Humans need sleep; everybody knows that without it, we get cranky, a bit loopy, and then we die. Unfortunately, science has been a little iffy about it; though we understood the negative effects associated with lack of sleep, no one really knew why those things happened. Now, we’re finally getting some insight into what sleep does for our bodies.
For the first time ever, scientists at the University of Rochester have found one of the reasons our brain needs sleep to survive. Turns out, when we sleep, our brain takes that time to clean out the build-up of brain junk we accumulate during our waking hours. Sleep is pretty much necessary for our body’s mental street-cleaners to come out and do their work.

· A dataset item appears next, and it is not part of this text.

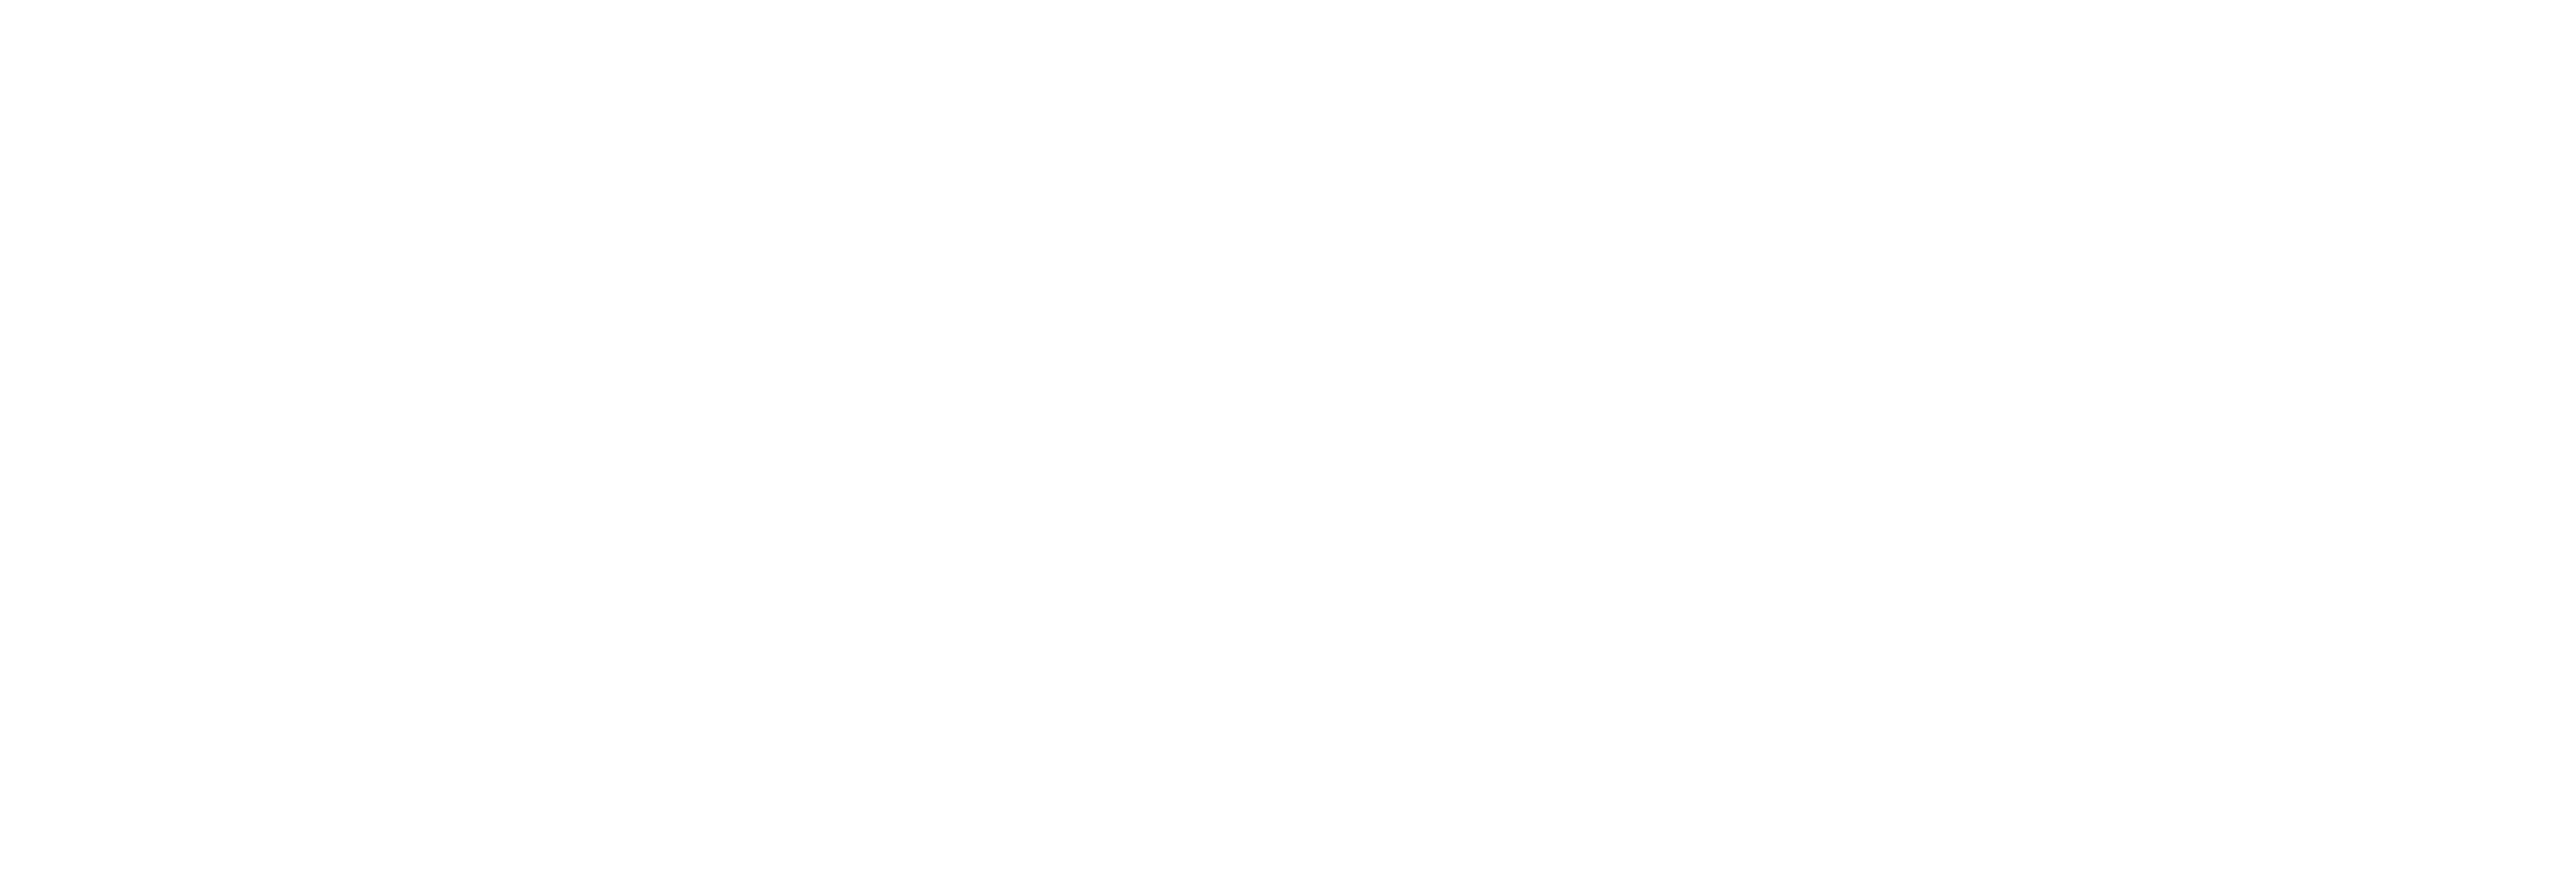 City of Bloomington, IN - Zoom Logo

When cells do their daily cell-type work, they produce waste product. The rest of the body has this waste cleared out by the lymphatic system, but the brain is disconnected from that, so it needs another way to wipe out the waste. The brain has it’s own garbage men, carried on the waves of cerebrospinal fluid, who surf the leftovers straight down to your liver for elimination. As it turns out, the brain’s garbage men move twice as fast when you’re sleeping, because your neurons shrink by half, making the fluid channels wider.
“This study shows that the brain has different functional states when asleep and when awake,” said U of R researcher Maiken Nedergaard. “In fact, the restorative nature of sleep appears to be the result of the active clearance of the by-products of neural activity that accumulate during wakefulness.”
So get lots of rest, or else your brain’s spinal-fluid surfing street cleaners can’t get their gig done right.